Sunday Salon: Kilts in the Sunshine, Reading in the Rain

We are back, alas, from our month in London, carrying great piles of books and programmes and painstaking notes for blog entries on my (somewhat backlogged) London journal:



Approaching this from another angle, though, we are back (thank the volcano gods) at home in Halifax, reveling in a mix of stunningly sunny and gloomily maritime weather:

  To be honest, I love the gloomy weather as much as the sunny (which make me a good candidate for Nova Scotia residency, eh?).  It fits the gothic landscape of the Maritimes like a glove.  But when we headed off to visit the Halifax citadel yesterday, its star-shaped fortress replete with bagpipers (as you can see) and Scottish guardsmen, I was glad of the toasty sunshine.

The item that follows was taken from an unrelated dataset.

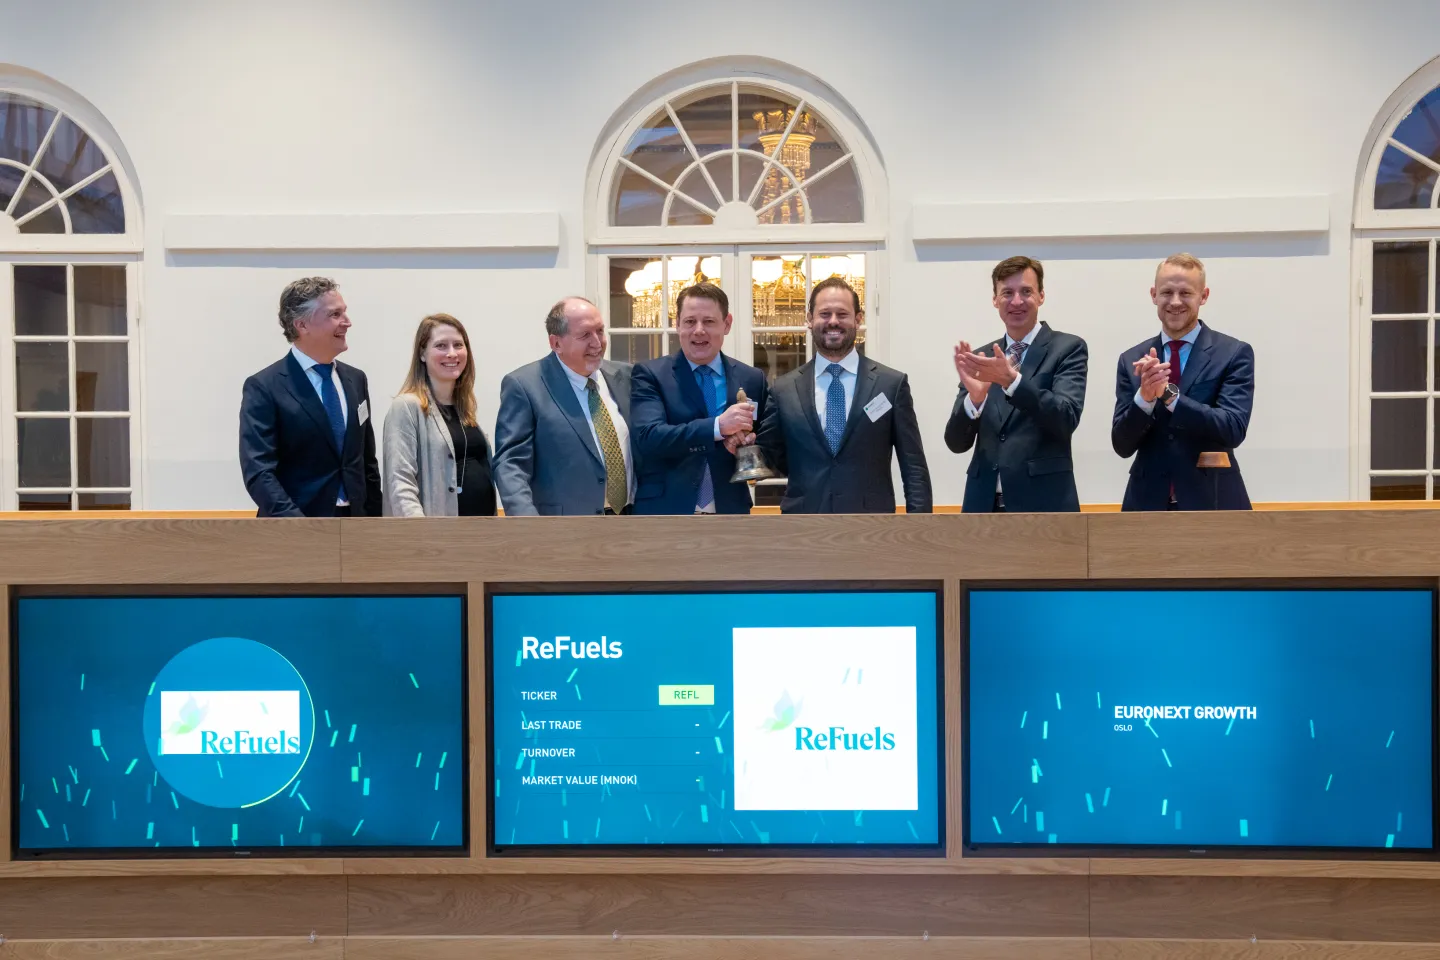 Philip Fjeld, CEO at ReFuels, and Baden Gowrie-Smith, CFO at ReFuels, rang the bell this morning to celebrate the company’s listing on Euronext Growth Oslo. They were welcomed by Øivind Amundsen, CEO at Oslo Børs (Photo: Thomas Brun/ NTB).
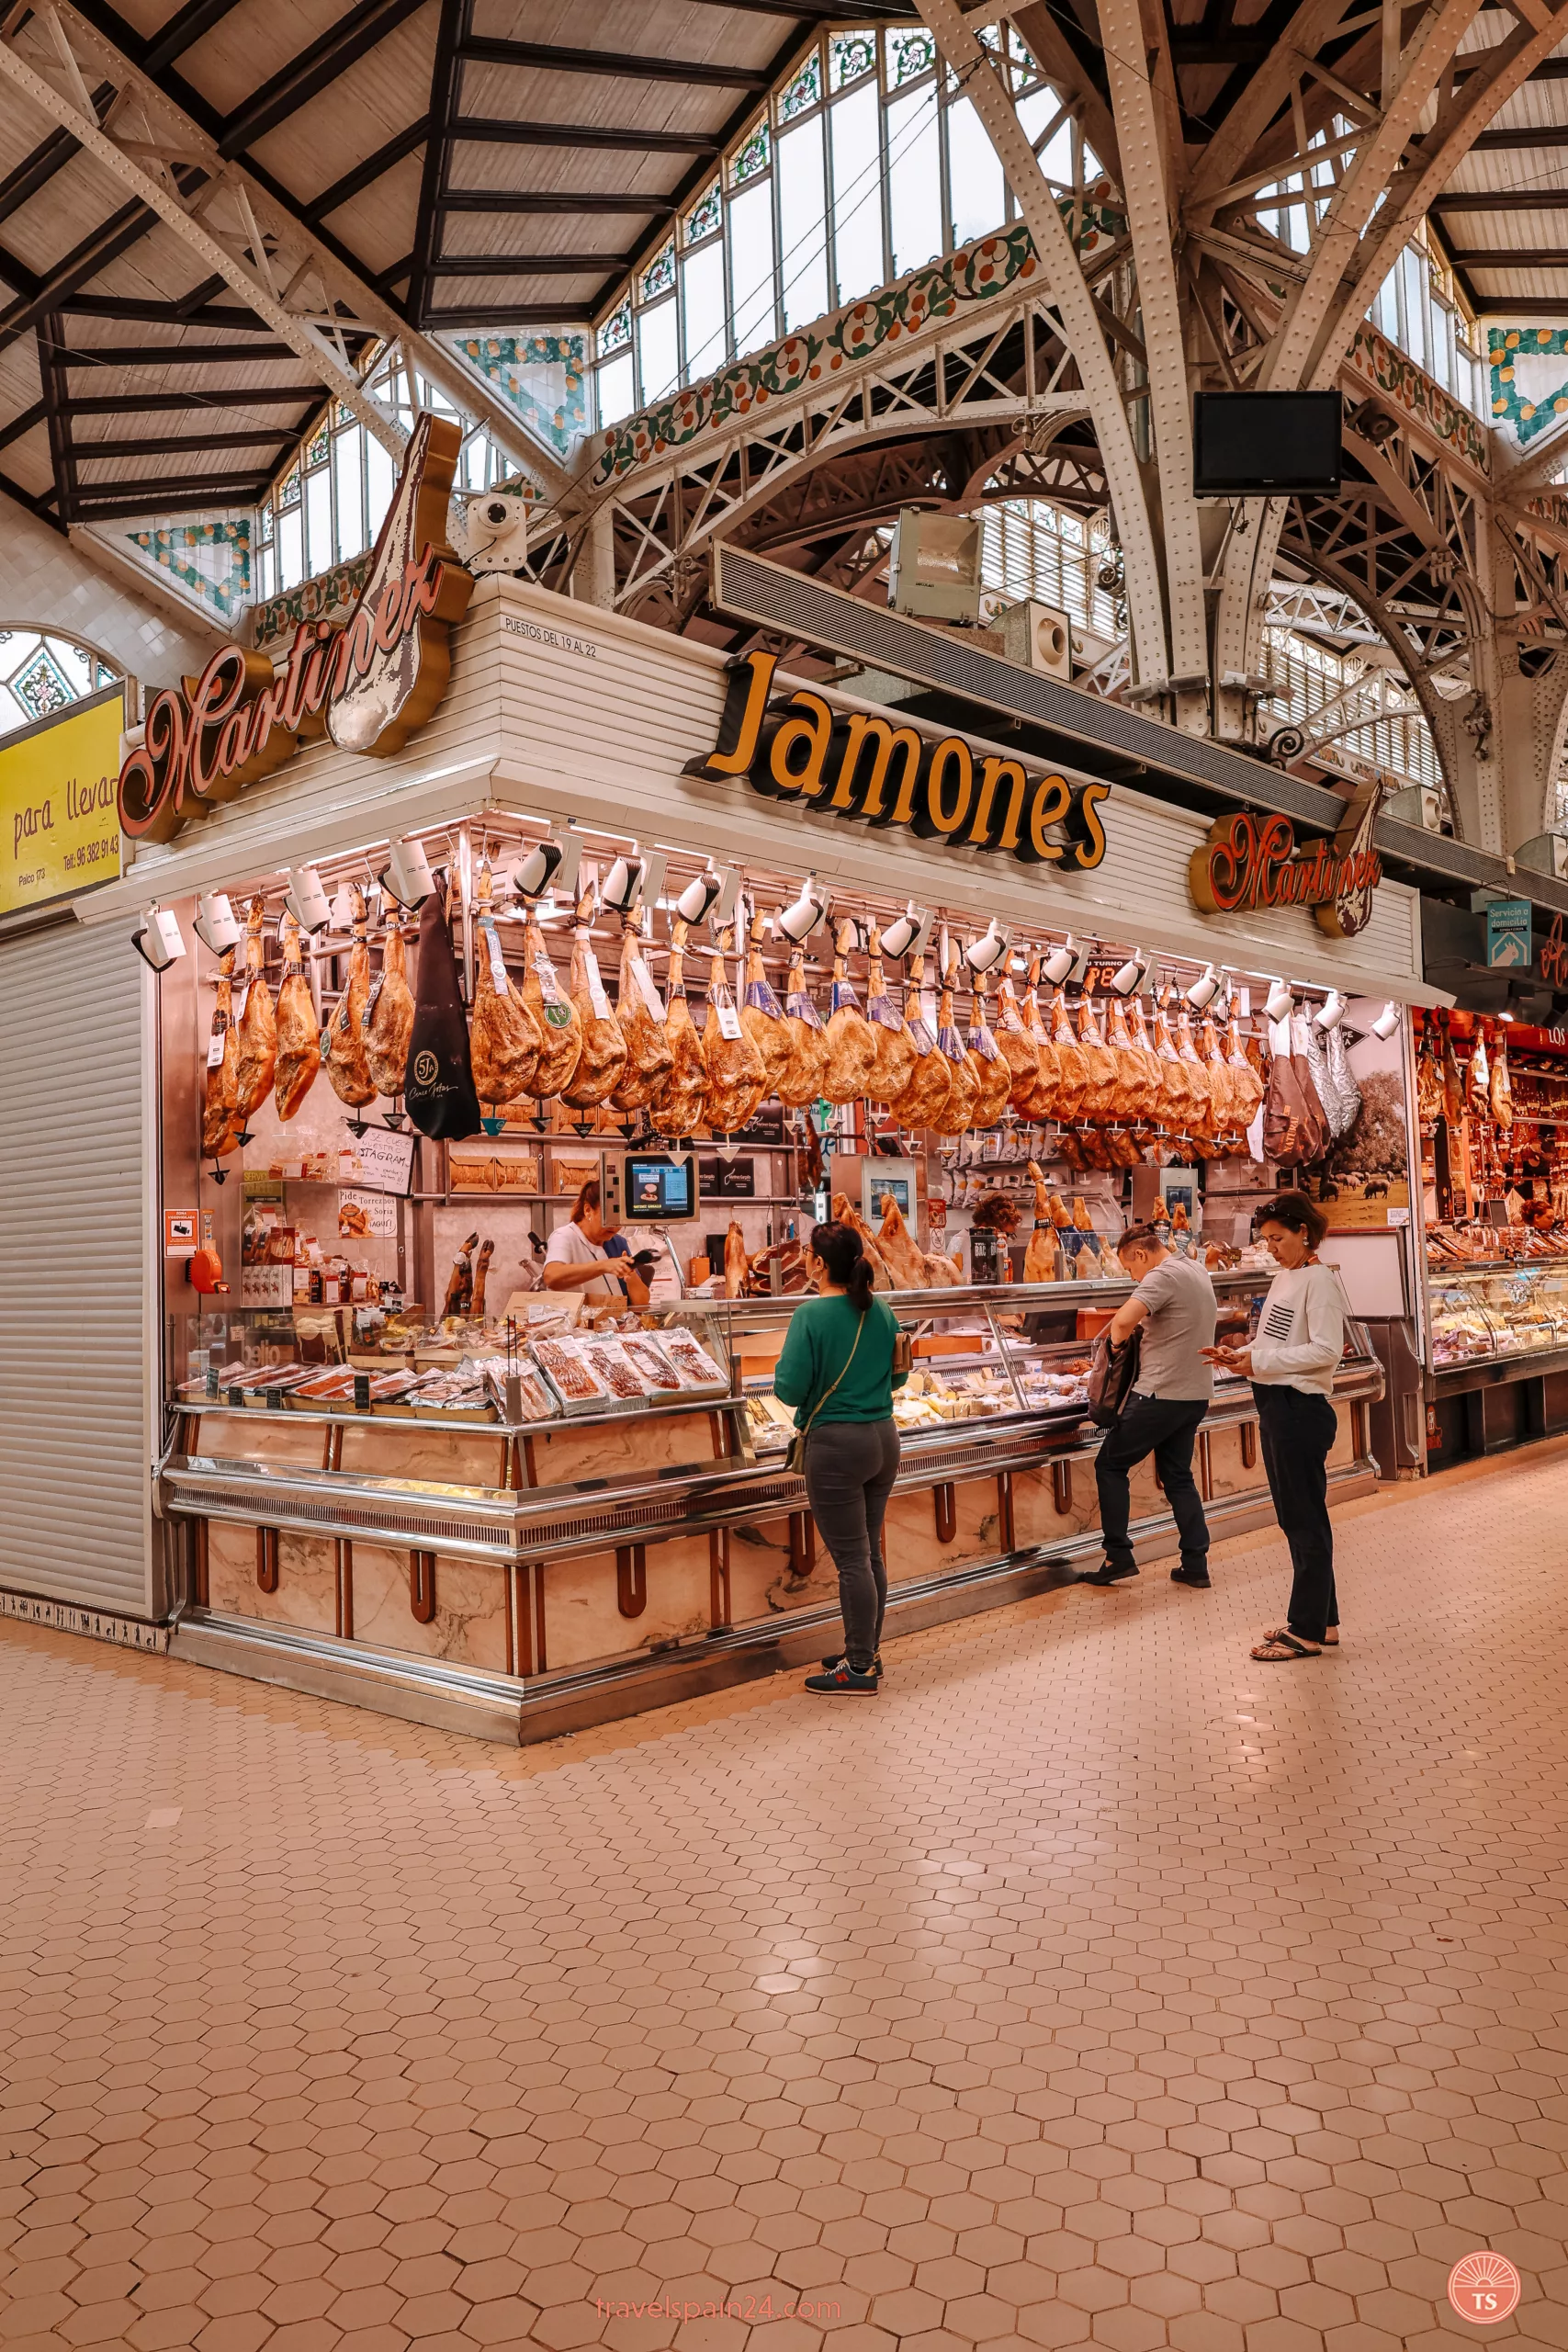 Traditional Spanish jamon varieties hanging in a row at Valencia market

Today I am glad of the wintry damp that has settled over us: after a delicious brunch with friends at Jane's on the Common (Nova Scotian Salmon Benedict on Sweet Potato Biscuits), it gives us an excuse to loll about indoors all day, reading and blogging and (in D's case) playing the Wii.  In fact, I find myself scowling a bit at the rays of sunshine that are peeking through the window right now - it will be a lot harder to justify the lolling if the day becomes as beautiful as yesterday.

So what am I reading?

I am in the final, all-consuming throes of Patrick Ness's YA thriller The Knife of Never Letting Go. It takes place in a world suffused with Noise - a virus has made men's thoughts audible, an alteration which changes everything we know about deception and privacy.  For each of the last two nights, just as I was drifting off to sleep with the book in my hand, two separate, profoundly awful things occurred in the plot, leaving me feeling so grotesquely bad that I had to keep reading in order to avoid being haunted by these events in my sleep.  So I feel a bit ... captive to the book.  It is an intriguing world (and one which it would be far too difficult to spoil, hence my cagey vagueness in describing it), a world in which compelling characters are put in difficult and thought-provoking situations, but it can also be a deeply unpleasant one, as perhaps all books about war and violence should be.  I am just coming to the point, at the end of this first installment in the Chaos Walking trilogy, where some of the great mysteries of the book are being explained.  Sadly, as with LOST (the last few episodes of which we gulped down as soon as we arrived back on these shores), the explanations have a diminishing effect on the narrative: they are considerably less interesting than the mysteries.  Don't get me wrong, though: I have already ordered the next two installments in the series.  It has me firmly in its clutches.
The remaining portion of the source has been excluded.